**Source data:**
_ _ _ _ _ _ _
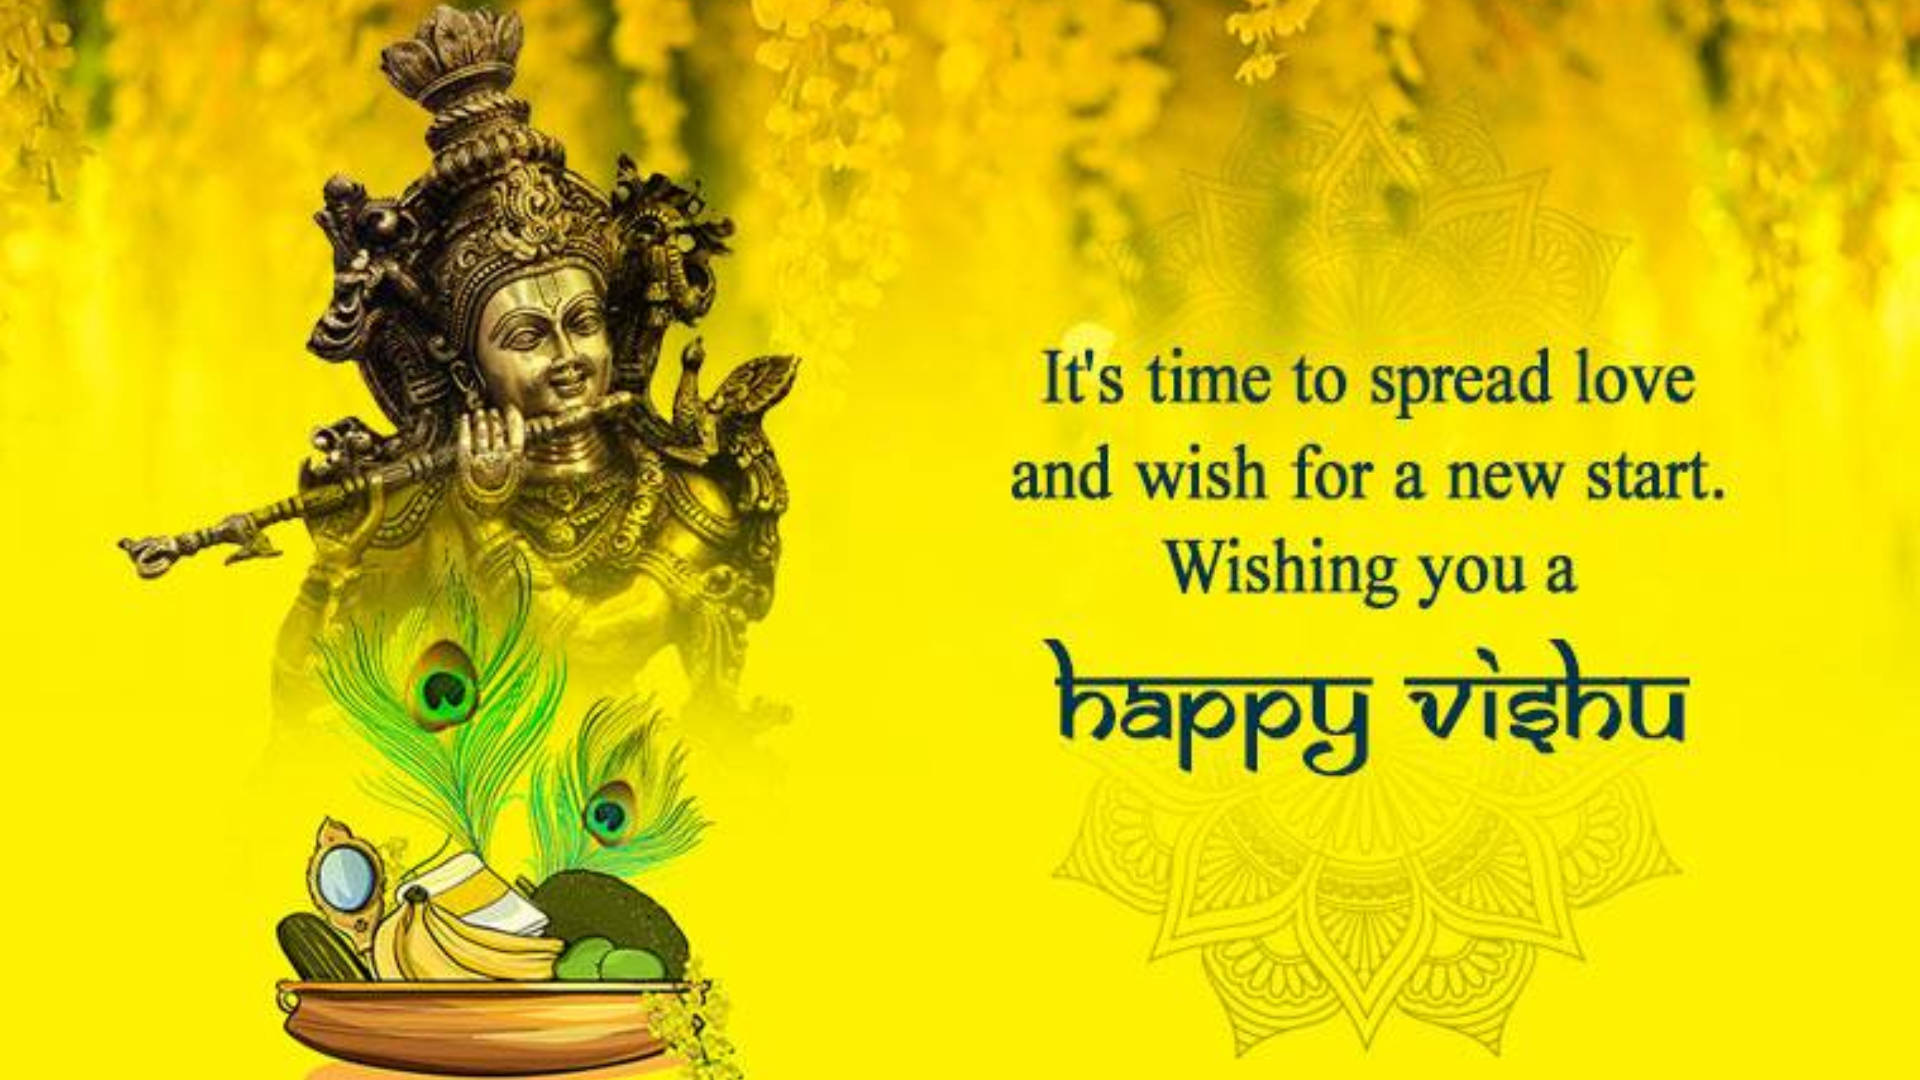 Happy Vishu Kanni Statue Spread Love Wallpaper
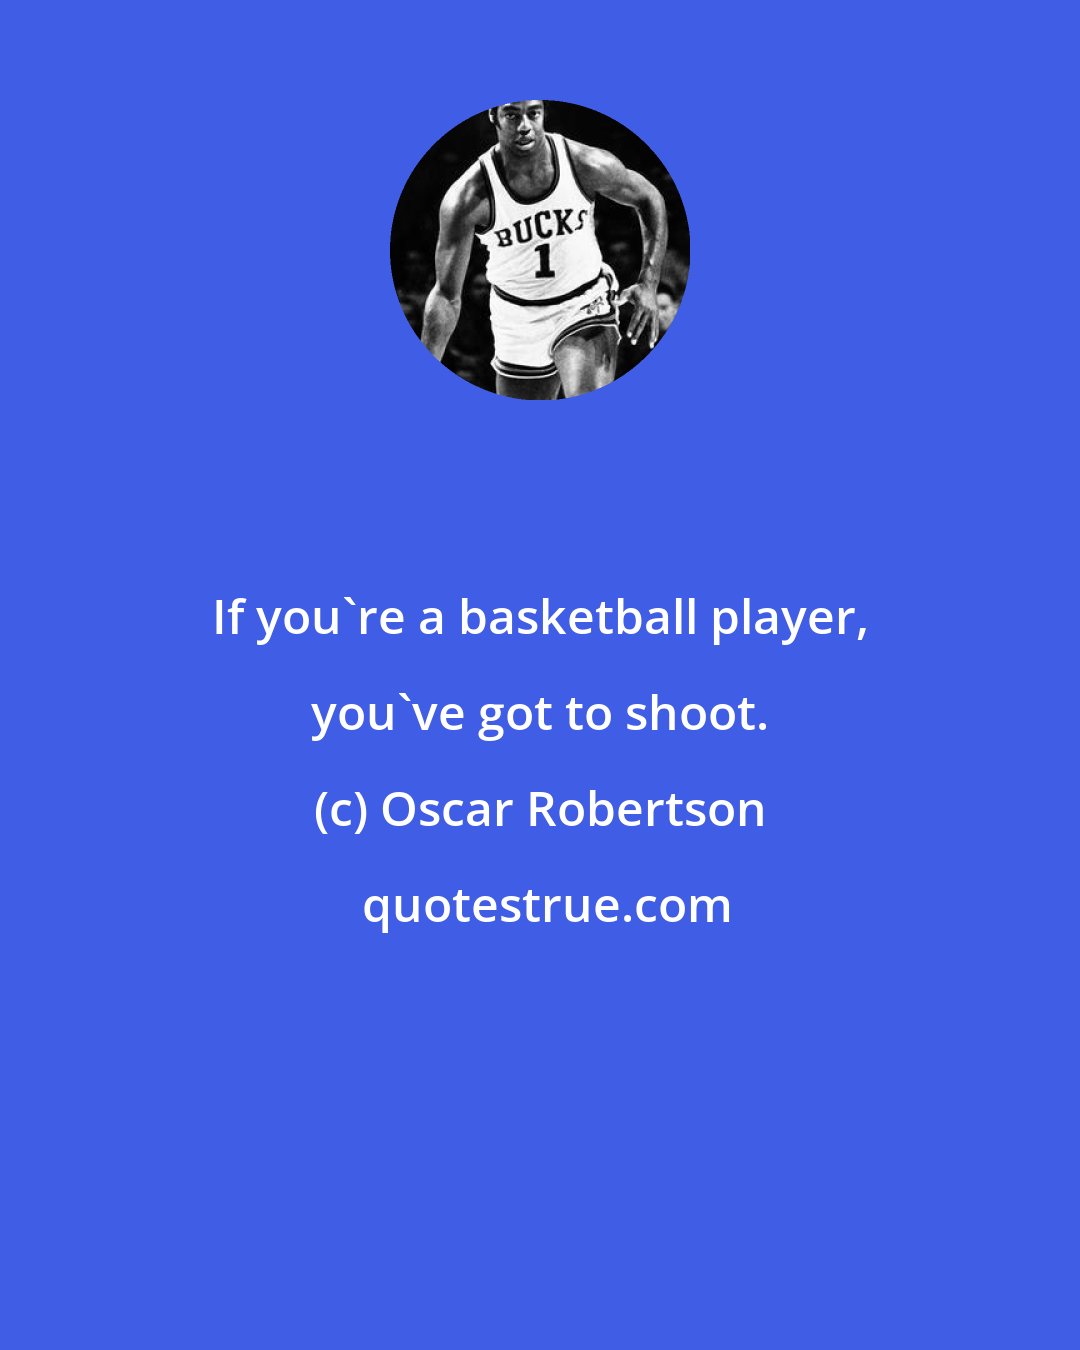 Oscar Robertson: If you're a basketball player, you've got to shoot.
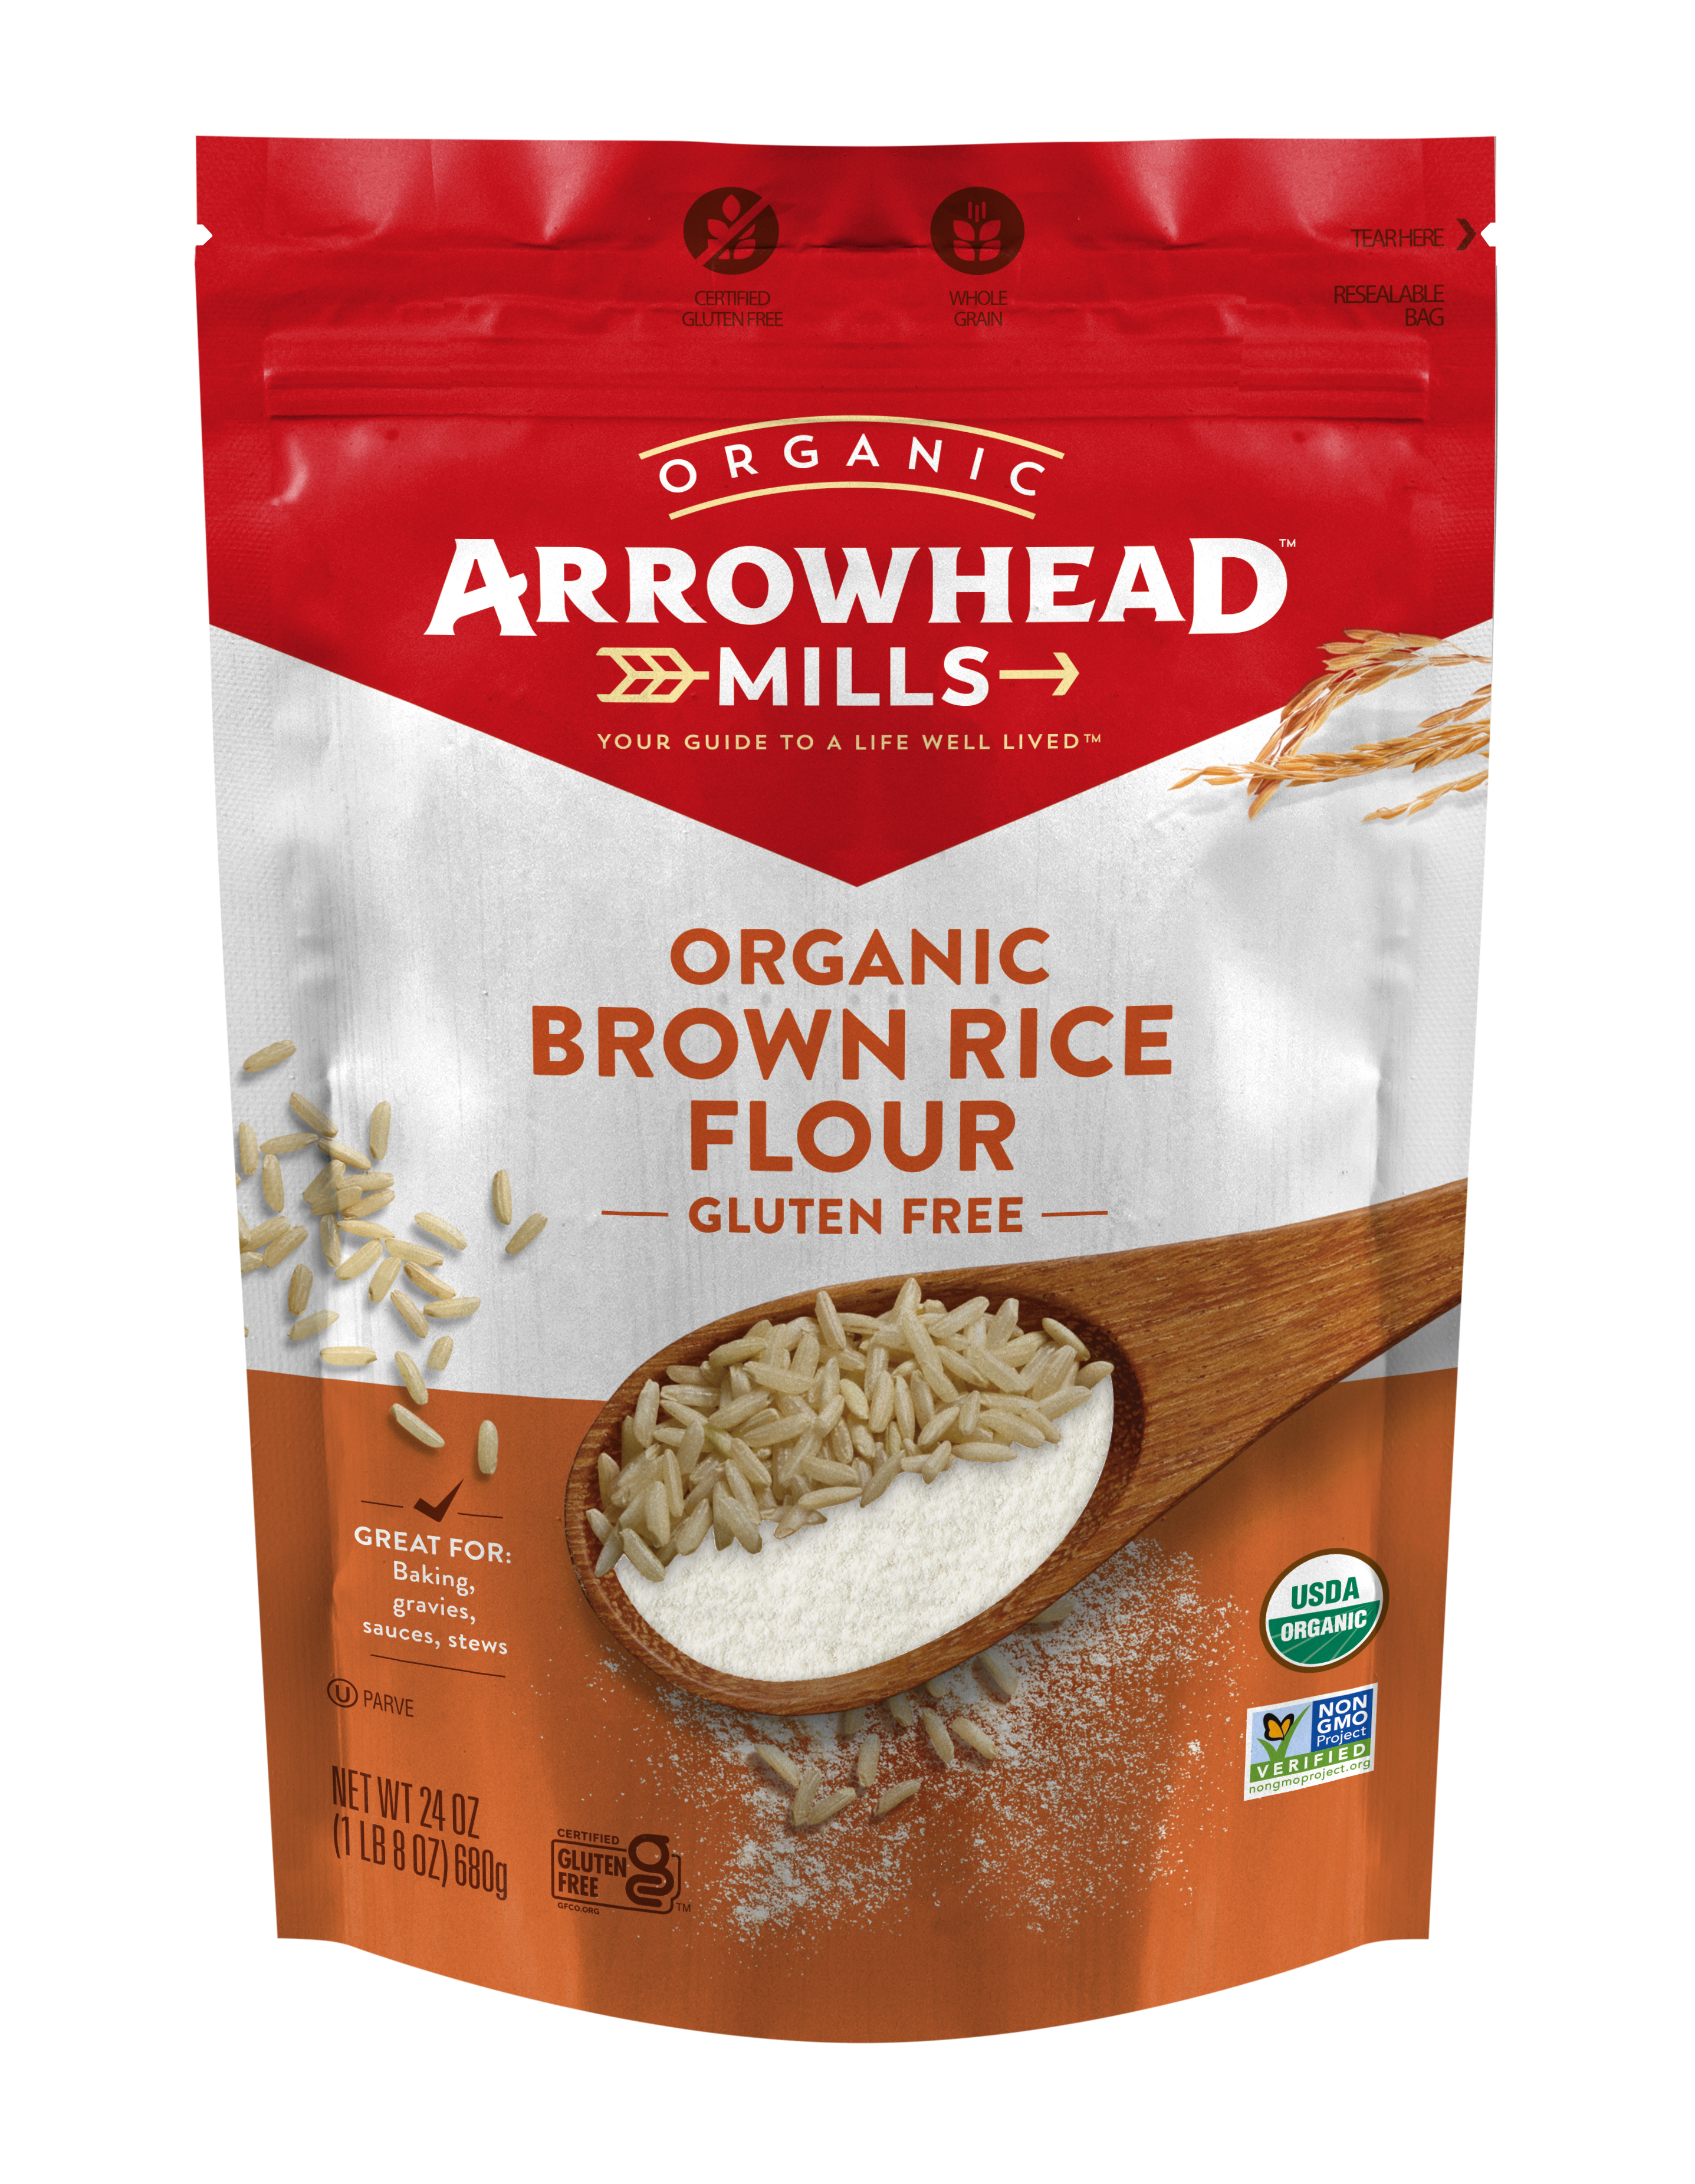 Arrowhead Mills Brown Rice Flour 6 units per case 24.0 oz
_ _ _ _ _ _ _
**Prompt:** Could you retype each line of the material above exactly, skipping the pictures?

**Finished exercise:**
 Happy Vishu Kanni Statue Spread Love Wallpaper
 Oscar Robertson: If you're a basketball player, you've got to shoot.
 Arrowhead Mills Brown Rice Flour 6 units per case 24.0 oz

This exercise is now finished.